How we got there the next morning for the 11 a.m. master class sessions was a mystery, but there we all were for Michel Drappier’s session on ‘Champagne, Champagne, Champagne’. Smart move on the organisers’ part to start the day with this particular session. There’s nothing like starting a day savouring champagne at a vertical tasting session to literally make one’s day. With the very reassuring nugget about his father who goes through a bottle every single day! The 7th generation owner was also proud to claim that Charles De Gaulle was a loyal customer, and that they had sizes from the smallest at the Quarter to the largest which was the Melchidsedech weighing 52 kg! It really helped that I happened to be seated right next to the curator of this event – Edgar. So, I copied his every move; sniffing, swirling the wine in the wine glass, sipping it, the works….

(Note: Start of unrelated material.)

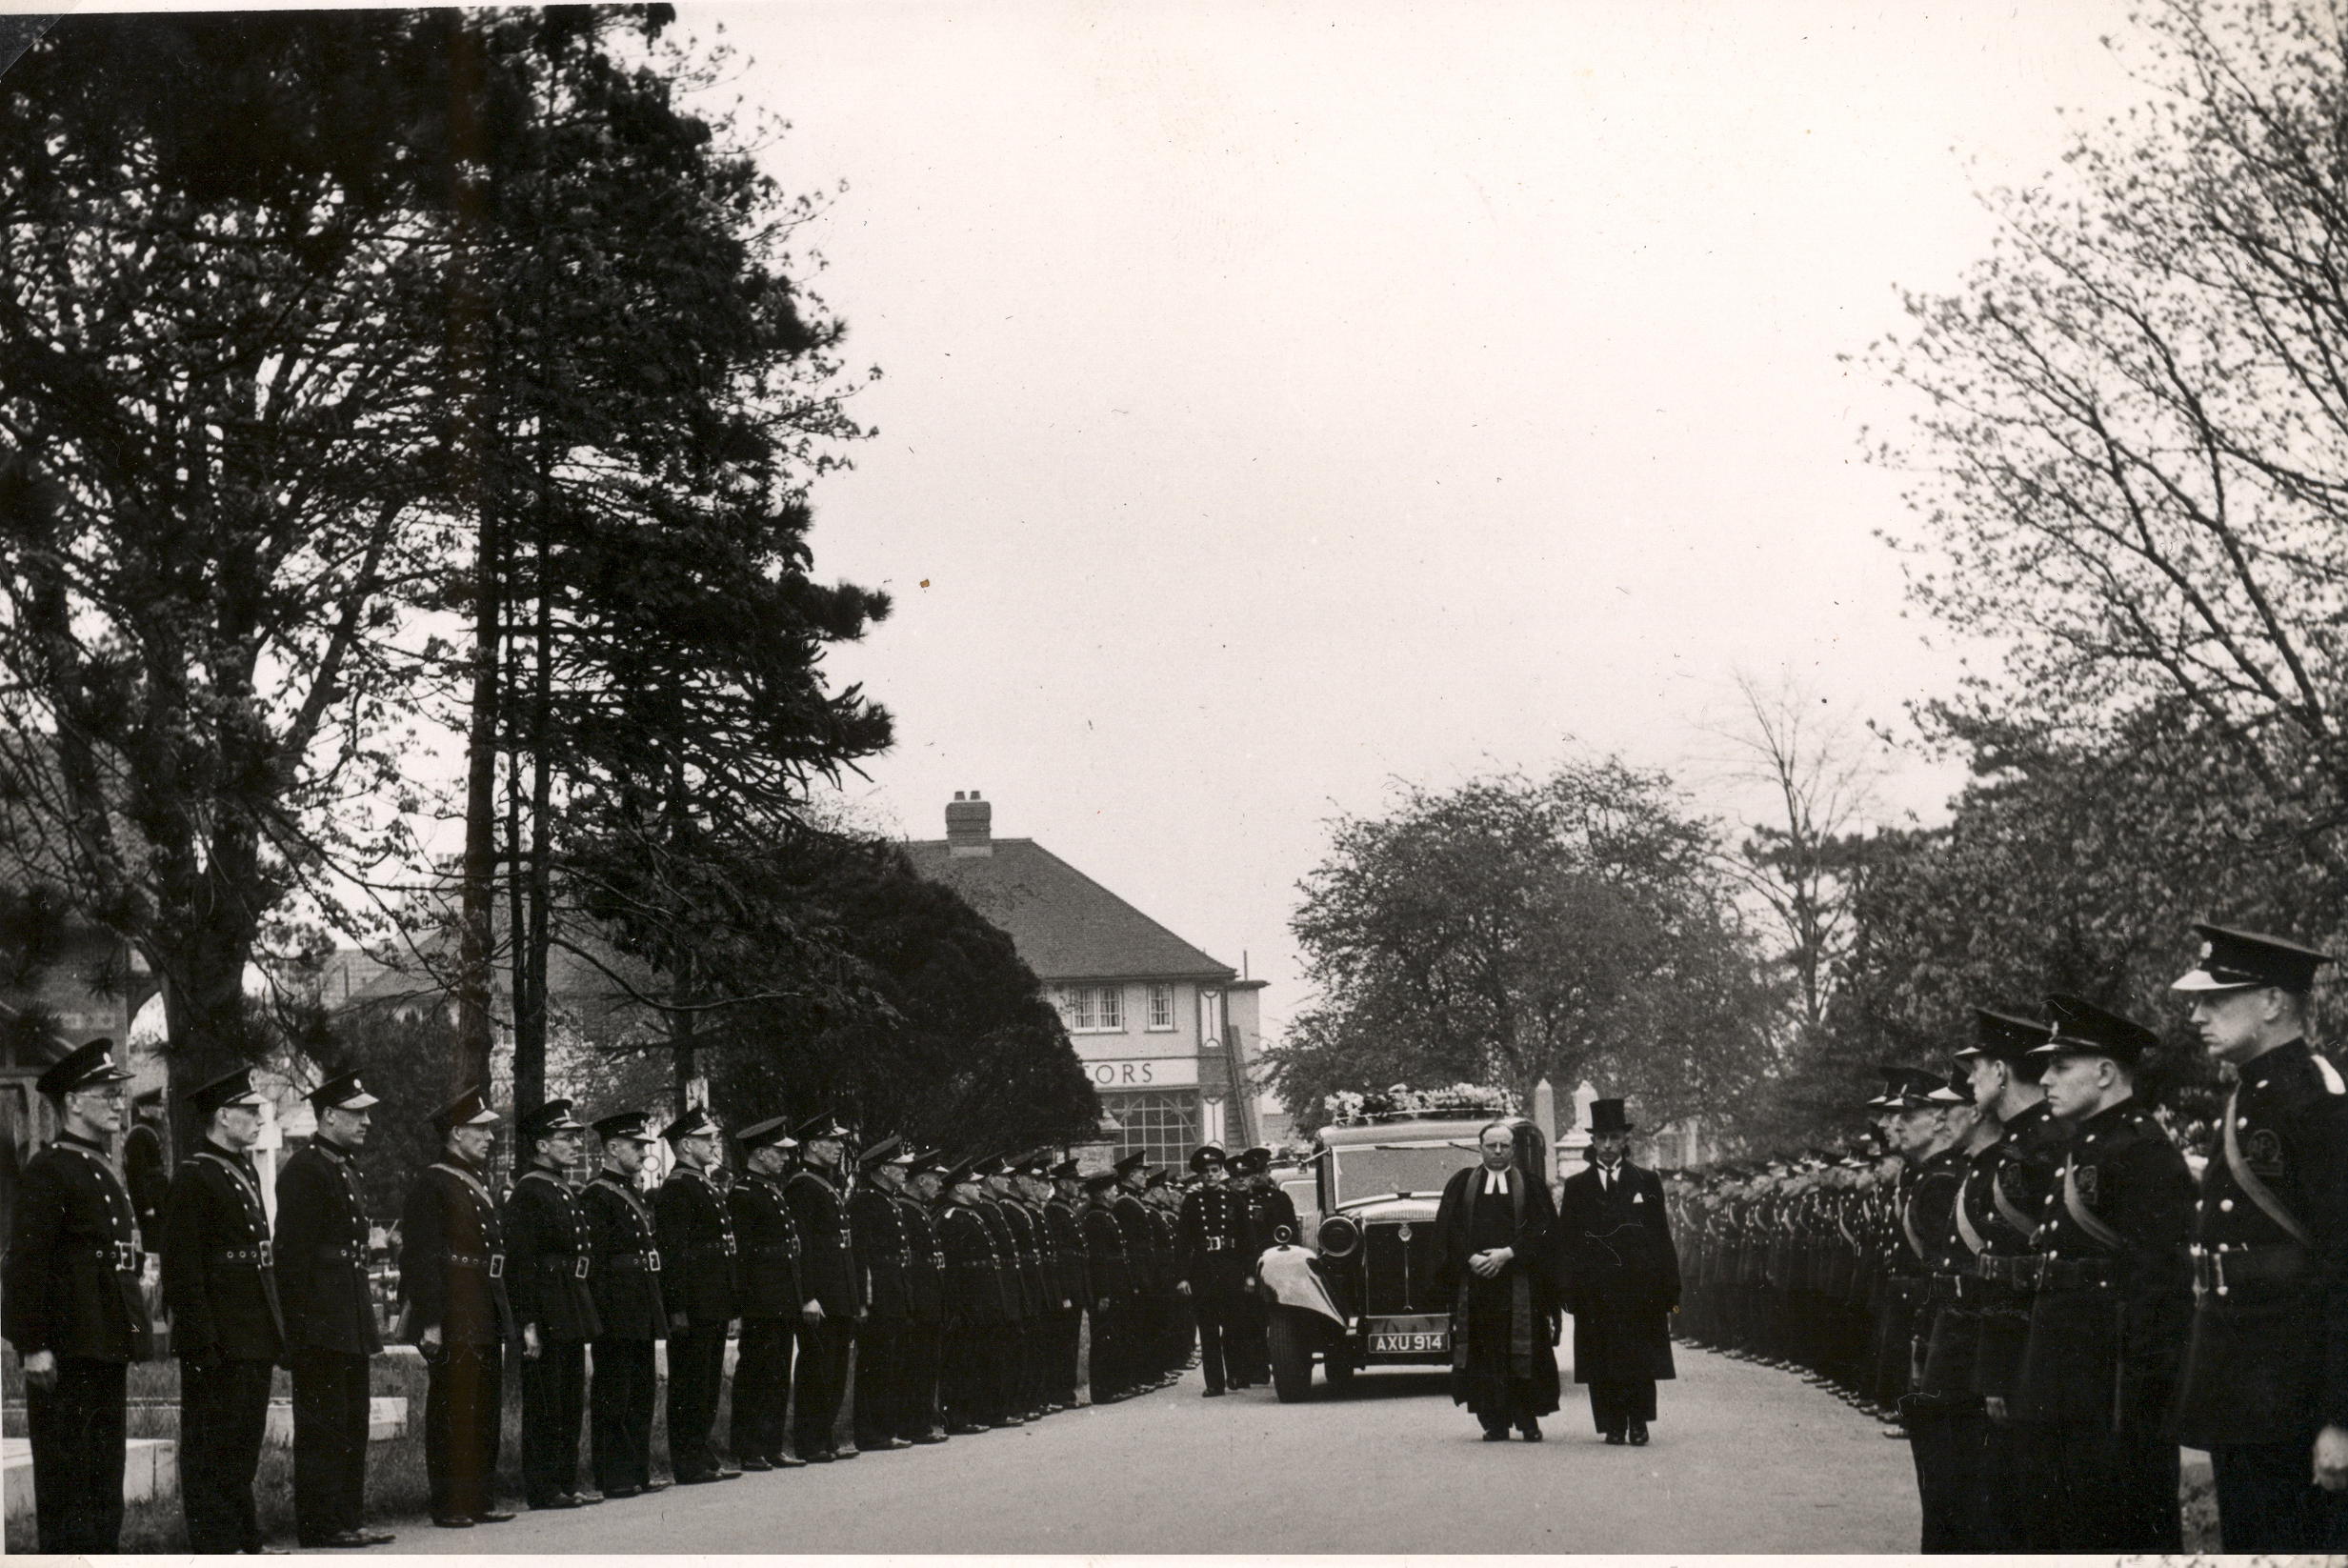 Funeral cortege at cemetery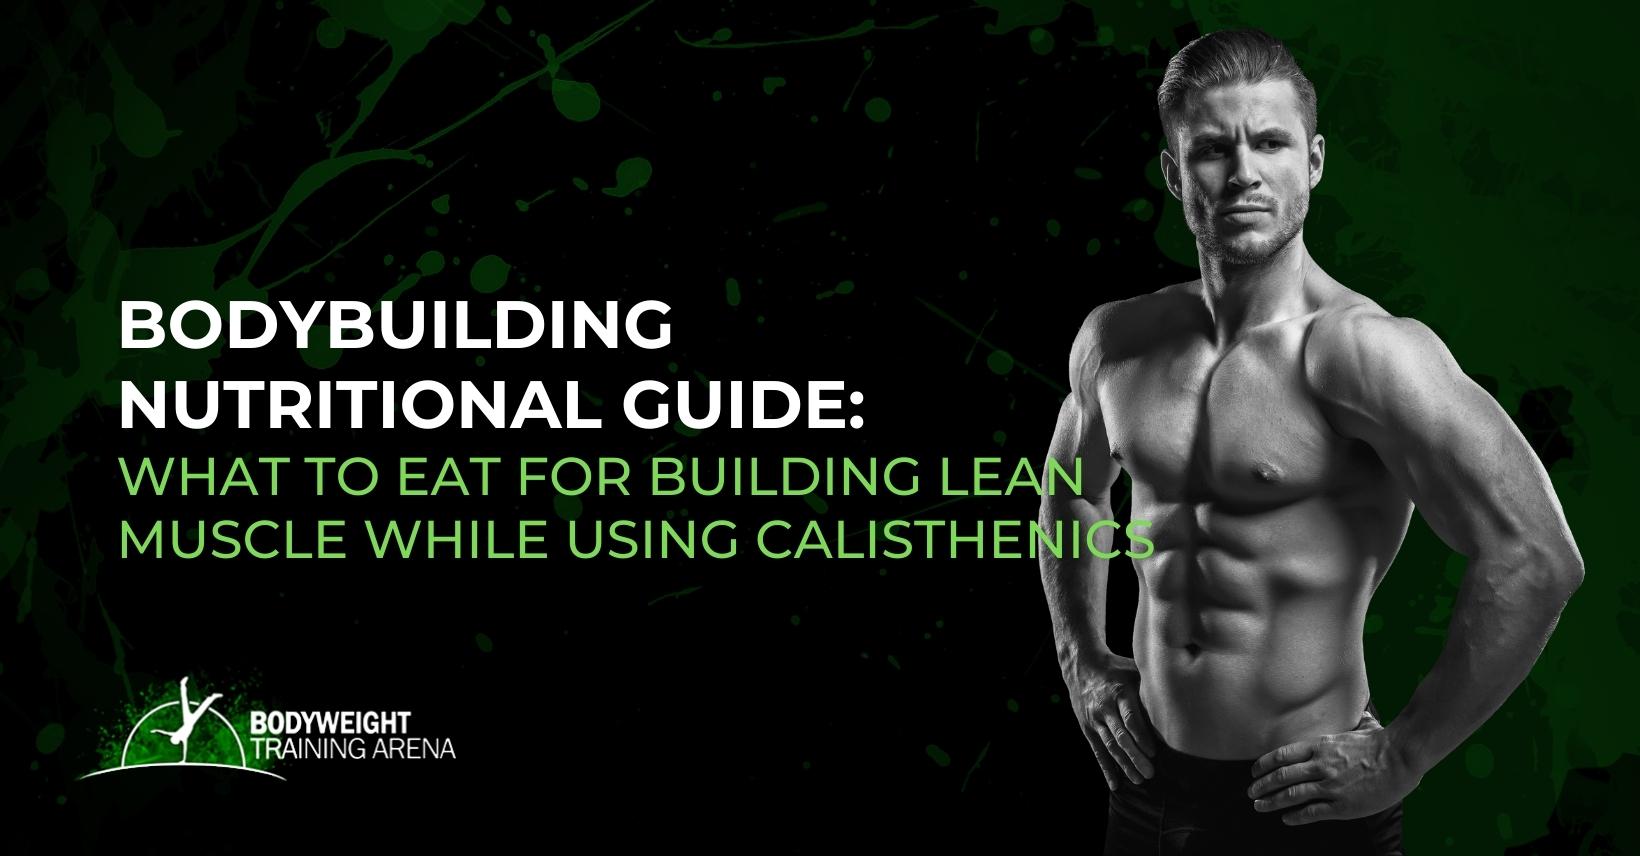 Bodybuilding nutritional guide: What to Eat for Building Lean Muscle While Using Calisthenics

The morning went by with sessions of Vishal Kadakia presenting varietals from the Saint Clair Family Estate in New Zealand, followed by Edgar’s pretty successful attempt at seducing us towards Canadian Ice Wines – one of them (Kalala Organic Estate Winery) belonging to Karnail Singh Sidhu, originally from Punjab. Intriguing to learn that harvesting of ice wines is done at night at the vineyard itself. And these wines cost 10 times more than any other regular wines because only 10 per cent of the grapes are used to make the wine.

The afternoon session continued after a scrumptious lunch, with Magandeep Singh educating us on aromas and flavours, followed by a session on Beringer Chardonnay of California. Then Sergio Soriano of Faustino Wines took us all to Spain to taste four of their popular wines. Laura ended the master classes with a session on ‘Super, Super Tuscan and bio-dynamics’. All in all, I’d been exposed to 11 master classes over the two days and I was zinging.

We had a mini break to assimilate all the information we’d been delivered, before we got back to the Crystal Room for the four-course dinner, preceded very aptly by Drappier Champagne, where Monsieur Drappier popped a Magnum for all the guests. The sit-down gala dinner with the appropriate wines to accompany each course, had delights like rhubarb salad and ragout of rabbit, to navarin of lamb and five desserts.

And finally, I had to remind myself that wine is all about romance; dates and other life-changing occasions. Which brought to mind something Karishma Grover said during her master class – “Wine is Poetry in a Bottle.” That indeed it is. I am a convert. Single Malt can wait!